They take to the streets with little difficulty, citing a lunch break and not hooky when Elidibus frowns doubtfully at them. Azem pulls him along by the hand like they are family or lovers and not just coworkers (they are barely even  _ friends)  _ even when they are scolded by their elders and cautioned against such blatant displays of affection. Amaurot is built upon the belief that they should all conform to a centralized appearance and philosophy wherein individuality is celebrated in  _ moderation  _ and not Azem’s particular brand of excess. 

Hades barely manages to read street signs as they hurry him along to witness their surprise. He is overwhelmed and disoriented by their energy, the buzzing of their aether, and the brilliance of their soul. It’s almost a lesser offense to his sensibilities when they pull matrices from among the folds of their robes and shove them into his hands, demanding, “Make this for me.”

He examines the notes and empty matrices with mild and then rapt interest. They’re… musical. Just like his first fountain, or the steps up to their grand theater.

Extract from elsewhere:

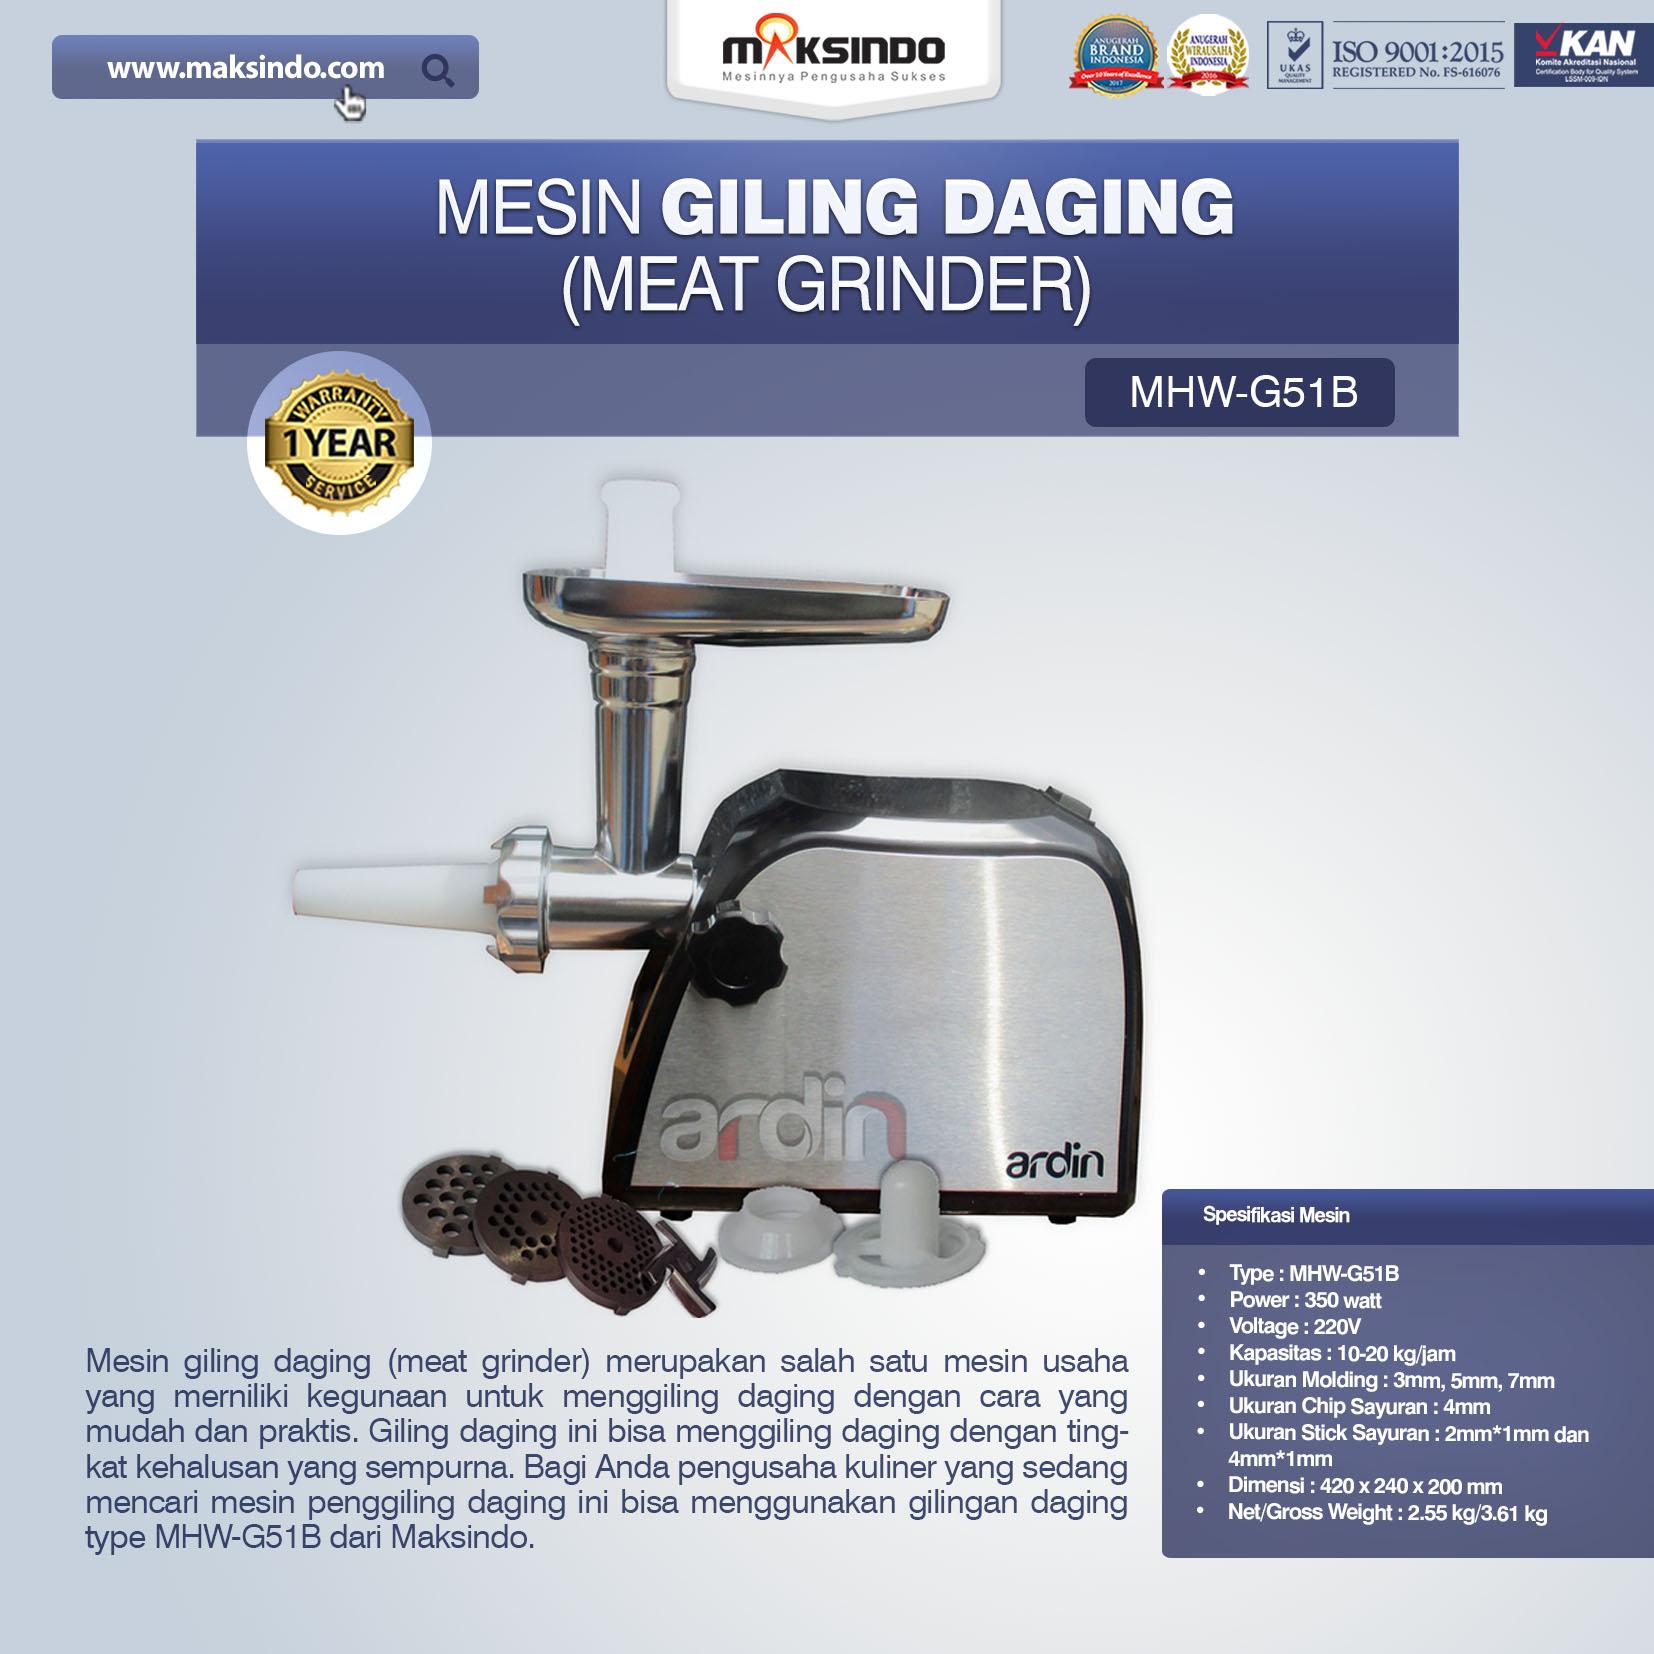 Jual Mesin Giling Daging (Meat Grinder) MHW-G51B di Tangerang

It’s all a complimentary melody to his own. 

“How did you make this?”

They just beam at him, tapping the same rhythm on their hand as always, and say, “You and I both don’t know silence. I just wanted to make mine suit yours a little better.”

“Oh,” he replies quietly. Somehow, despite their nearly manic energy and intervention, he hadn’t thought about them being the same as him. He presses the thought of their accompaniment into the first concept matrix, followed by the second, and a small laugh when the third matrix only sputters instead of harboring his commands. 

Azem whistles loudly as if to ignore his judgement for the bootleg materials they had provided. 

“I struggle to think you the shy sort,” he remarks, checking the integrity of the successful two, “when you allegedly dented Halmarut’s wall with your welcome.”

“And then skipped town,” they add. “I am a very sensitive person, Emet-Selch, and would like to be praised for my ingenuity rather than nagged for it.”

He laughs despite himself, tossing the matrices back at them. 

What a strange person, this Azem is. What type of Shepherd cannot shoulder the burden of a little criticism when their entire job revolves around being the odd one out? He wants to know in the same way he wants to see more of them.

(It’s just curiosity, he tells himself until he believes it, and he isn’t fixated on them and their melody. He has begun to anticipate their pattern of tapping and skipping and  _ singing  _ like they are the one that now lives in the back of his mind. It would pass as soon as his curiosity is sated.)

He makes a point from then on to visit them himself. He brings  _ actual  _ matrices with him and proper forms so their joint Creations can be approved before they find a suitable spot and slam aether into being. It’s only when they come back from one of their far-off adventures that he notices something is amiss. 

They do not bounce. They do not hum. They sit quiet and terrified in their chair during a Convocation meeting like an omen. 

“There is something wrong with our world,” they say softly, near to heartbroken when Elidibus asks what ails them. 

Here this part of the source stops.